South African aviation pioneer

Sibongile Sambo (born 1974 in Bushbuckridge, Mpumalanga), is a South African entrepreneur and motivational speaker. She is the founder and CEO of SRS Aviation.

==Career==
She was rejected for a flight attendant position by South African Airways due to not meeting the minimum height requirement. After completing her education at the University of Zululand, She worked with organizations such as Telkom, City Power, and De Beers.

In 2004, buoyed by the opportunities presented by South Africa’s Black Economic Empowerment policies, Sambo founded SRS Aviation. With no prior experience in the aviation sector and limited financial resources, she relied on a modest family loan—secured from her mother and aunt—to purchase her first aircraft.

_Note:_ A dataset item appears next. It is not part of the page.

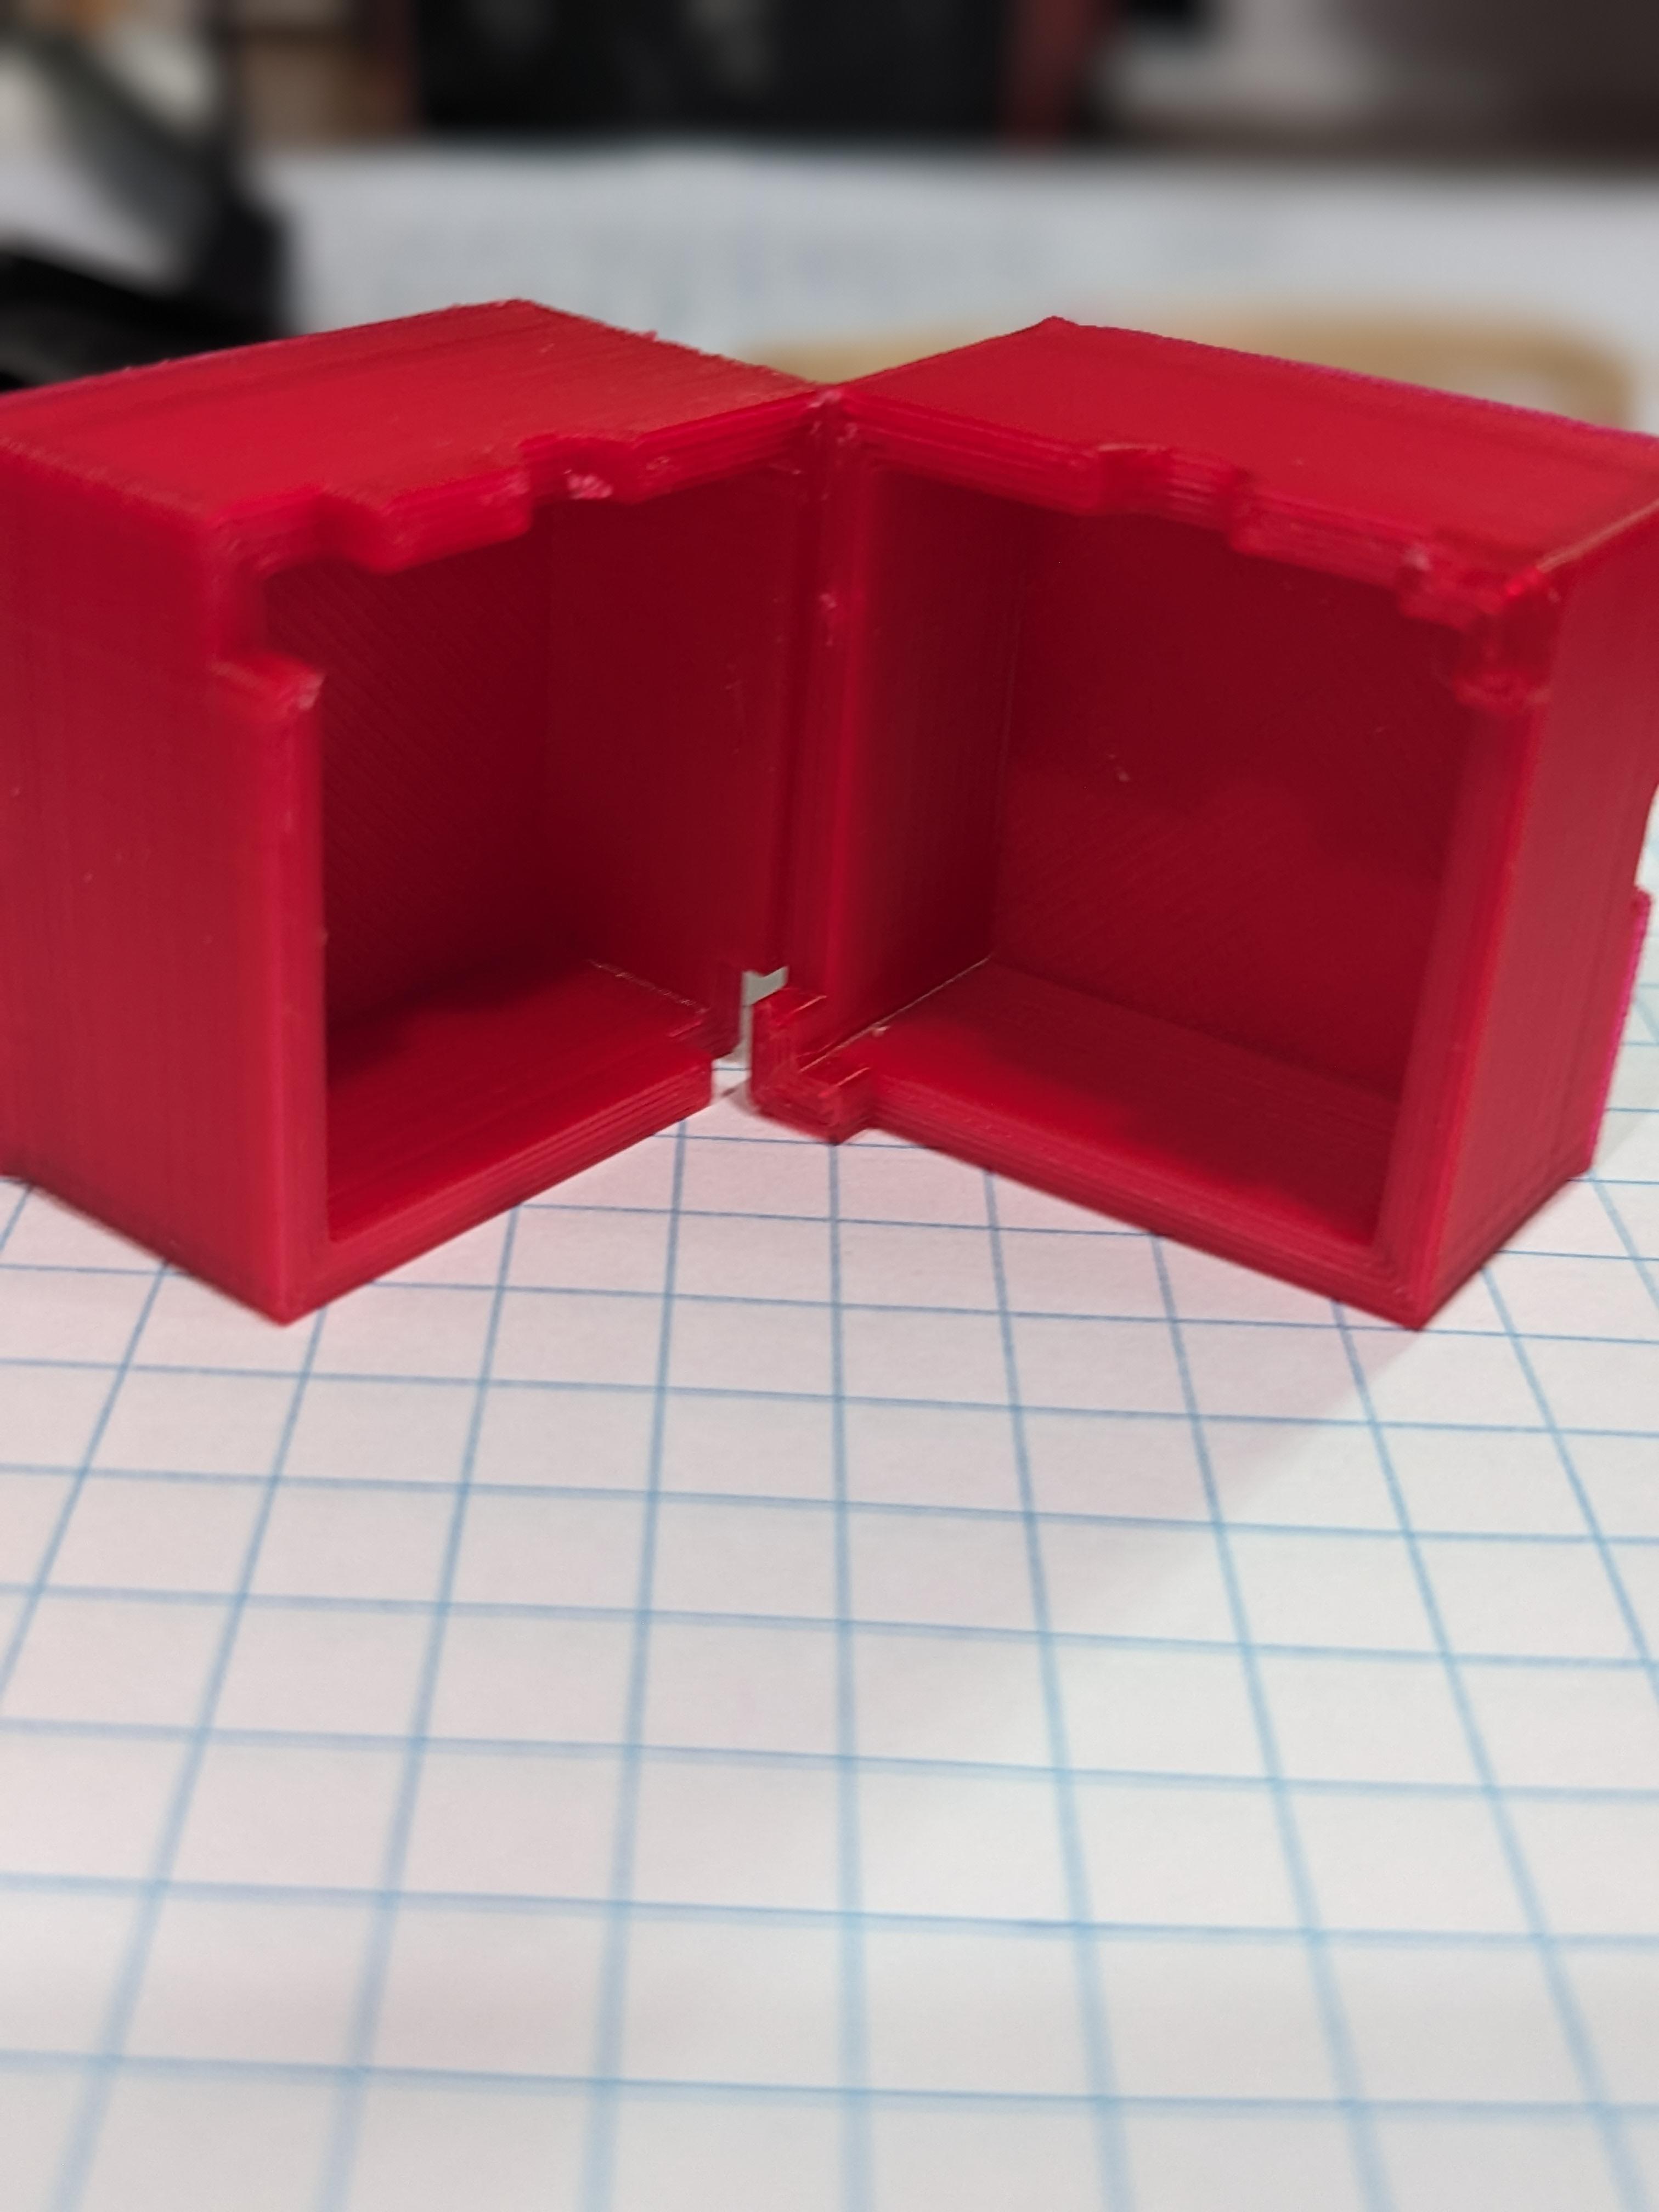 Cube Tomato Mold v.2 3d model

In February 2020, Sambo testified before the Zondo Commission of Inquiry into state capture in Parktown, Johannesburg, as part of its investigation into South African Airways management.

== SRS Aviation ==
SRS Aviation offers jet and helicopter rental services, air cargo charter, tourist transfers, general air security, medical evacuation and other aero services. SRS Aviation is the first black female owned aviation company in South Africa. SRS Aviation rapidly evolved from a small-scale operation into a comprehensive aviation enterprise. In 2006, following a successful inspection by the South African Civil Aviation Authority, her company was awarded an Air Operating Certificate.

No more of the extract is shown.